Extend the vendored patch (parakeet-cpp-sys/patches/parakeet/0001-backend-dl.patch) so parakeet.cpp no longer references the CPU-module symbols directly. CPU access is routed through the ggml device registry (which lives in ggml-base, always linked) — the portable DL pattern llama.cpp uses:

Direct CPU symbol Registry-based replacement
ggml_backend_cpu_init() ggml_backend_dev_init(ggml_backend_dev_by_type(GGML_BACKEND_DEVICE_TYPE_CPU), NULL)
ggml_backend_is_cpu(b) ggml_backend_dev_type(ggml_backend_get_device(b)) == GGML_BACKEND_DEVICE_TYPE_CPU
ggml_backend_cpu_set_n_threads(b, n) ggml_backend_reg_get_proc_address(reg, "ggml_backend_set_n_threads") cast to ggml_backend_set_n_threads_t, called if non-null
ggml_backend_cpu_buffer_from_ptr(p, sz) ggml_backend_dev_buffer_from_host_ptr(dev, p, sz, SIZE_MAX) (CPU device maps this to the same zero-copy from_ptr)

Unified static + DL (no #ifdef). The registry is populated in both modes: static via GGML_USE_CPU (CPU device registered at startup), DL via the existing ggml_backend_load_all in global_backend(), which runs before any Backend is constructed. So one path covers both. Drops the now-unused ggml-cpu.h include.

CI

Added the windows-latest / dl / --features dynamic-backends,vulkan matrix leg and removed the "Windows DL deferred" note.

Validation (macOS, local)

  • cargo build -p parakeet-cpp (static) — pass
  • cargo build -p parakeet-cpp --features dynamic-backends (DL) — pass
  • cargo test -p parakeet-cpp --features dynamic-backends --test dl_metal with a real model — pass (resolved backend (DL): MTL0, real transcribe succeeds)
  • Static test suite (integration + prefix + ABI) — pass

The submodule pointer is unchanged; only the patch file + CI workflow are committed. Windows (and Linux) DL are validated by CI in this PR.

Under GGML_BACKEND_DL the CPU backend is a dlopen'd module, so the
parakeet/ggml core can no longer reference ggml_backend_cpu_init /
_is_cpu / _set_n_threads / cpu_buffer_from_ptr directly. macOS/Linux
papered over this with -undefined dynamic_lookup / --allow-shlib-undefined
+ an RTLD_GLOBAL ggml patch, but MSVC has no equivalent and rejects the
unresolved symbols at DLL link time (LNK2019), so Windows DL was deferred.
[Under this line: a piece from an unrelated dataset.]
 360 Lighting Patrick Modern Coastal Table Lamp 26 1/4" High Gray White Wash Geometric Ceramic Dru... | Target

Extend the vendored parakeet patch to obtain CPU access via the ggml
device registry (in ggml-base, always linked) instead:

- ggml_backend_cpu_init()        -> ggml_backend_dev_init(
                                      ggml_backend_dev_by_type(CPU), NULL)
- ggml_backend_is_cpu(b)         -> ggml_backend_dev_type(
                                      ggml_backend_get_device(b)) == CPU
- ggml_backend_cpu_set_n_threads -> ggml_backend_reg_get_proc_address(
                                      reg, "ggml_backend_set_n_threads")
                                      (the llama.cpp DL pattern)
- ggml_backend_cpu_buffer_from_ptr -> ggml_backend_dev_buffer_from_host_ptr
                                      (maps to the same zero-copy CPU buffer)
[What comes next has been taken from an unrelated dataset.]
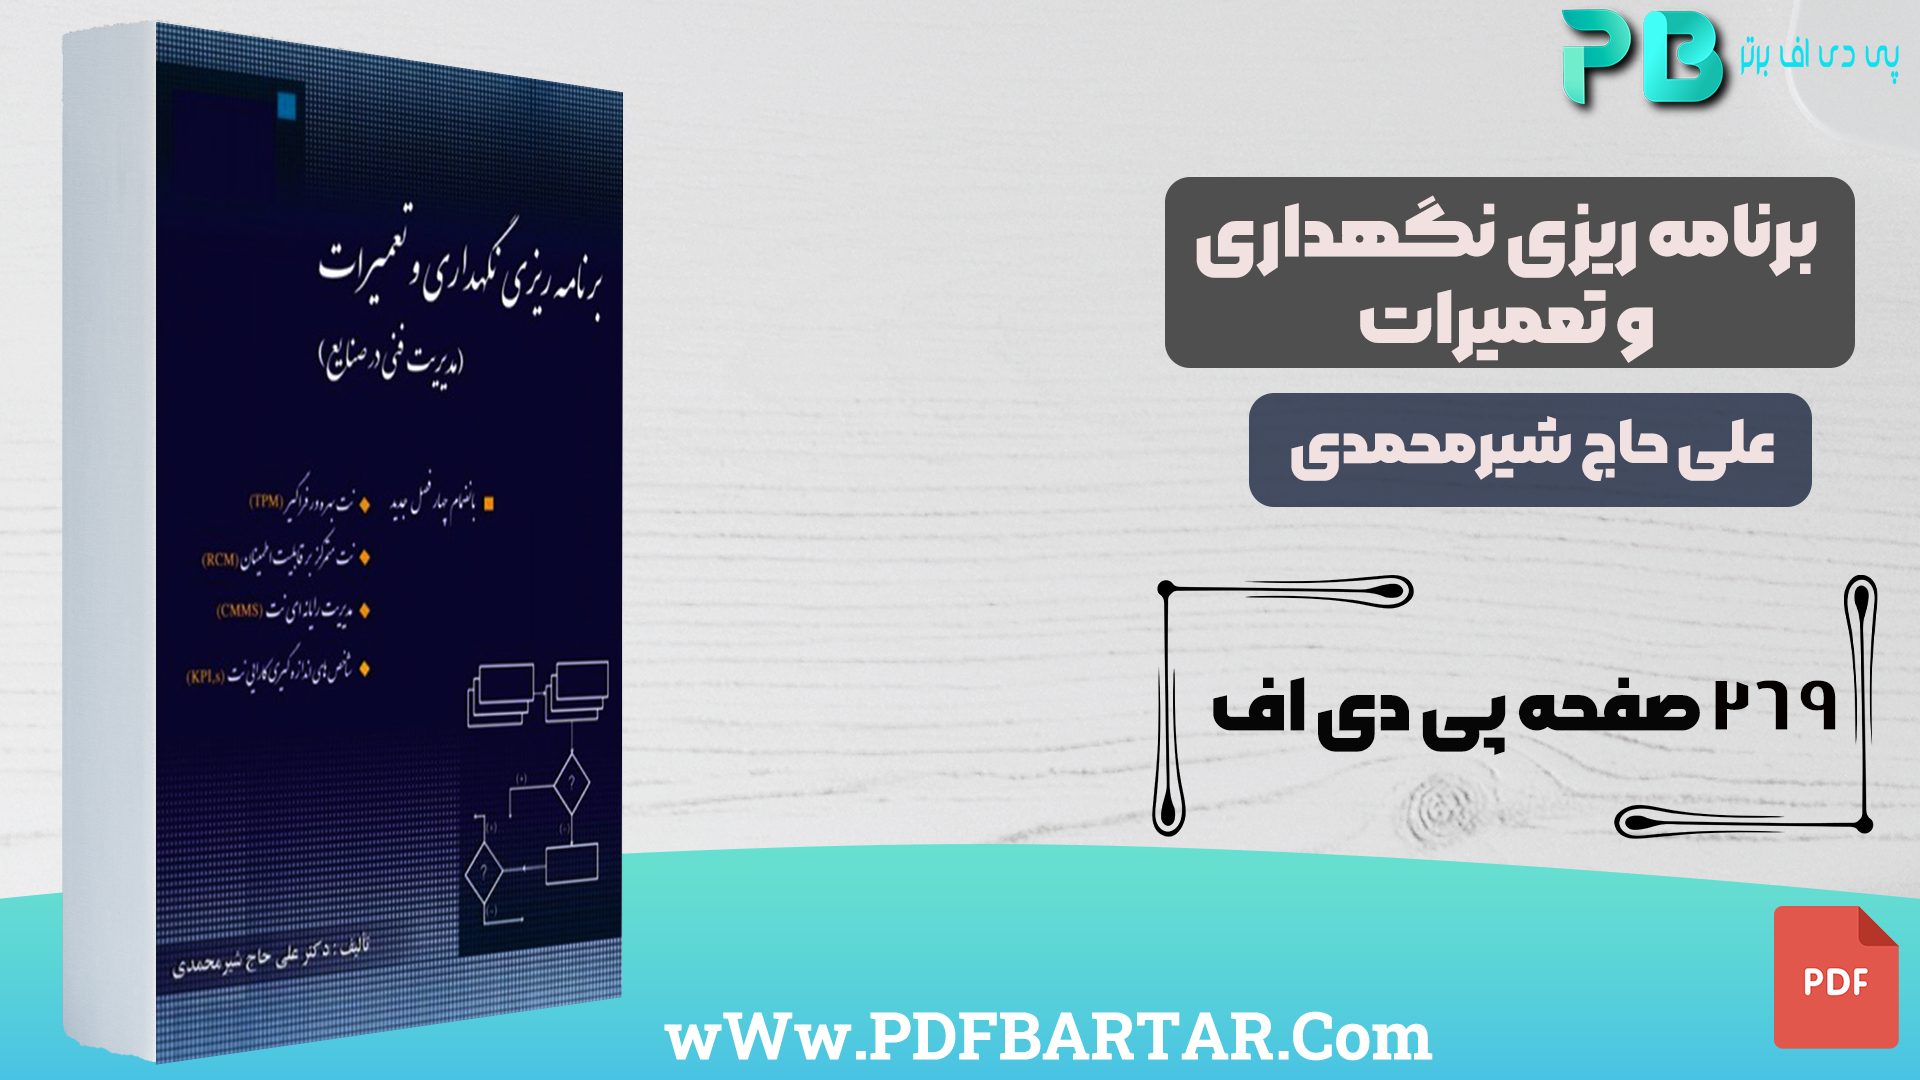 دانلود پی دی اف کتاب برنامه ریزی نگهداری و تعمیرات علی حاج شیر محمدی PDF - پی دی اف برتر

Single path for both static and DL: the registry is populated in both
modes (static via GGML_USE_CPU; DL via the existing ggml_backend_load_all
in global_backend(), which runs before any Backend is constructed), so no
#ifdef GGML_BACKEND_DL is needed. Drops the now-unused ggml-cpu.h include.

Add the windows-latest DL leg to CI and remove the "deferred" note.

Validated on macOS: static build, DL build, and the DL Metal test
(dl_backend_is_metal -> MTL0, real transcribe) all pass.
parakeet.cpp has no install() rule, so the parakeet library only exists in
the cmake build tree, never the install prefix. Under DL on Windows the
SHARED parakeet target produces parakeet.dll + an MSVC import parakeet.lib;
ggml redirects DLLs to <build>/bin (CMAKE_RUNTIME_OUTPUT_DIRECTORY, a
dir-scoped var that doesn't reach the parent parakeet scope) and the import
.lib lands in a generator-dependent spot the fixed lib_dirs list didn't
cover -> the consumer test exe link failed with LNK1181: cannot open input
file 'parakeet.lib'. (The lib `cargo build` passed because an rlib doesn't
link; only `cargo test`, which builds executables, surfaced it.)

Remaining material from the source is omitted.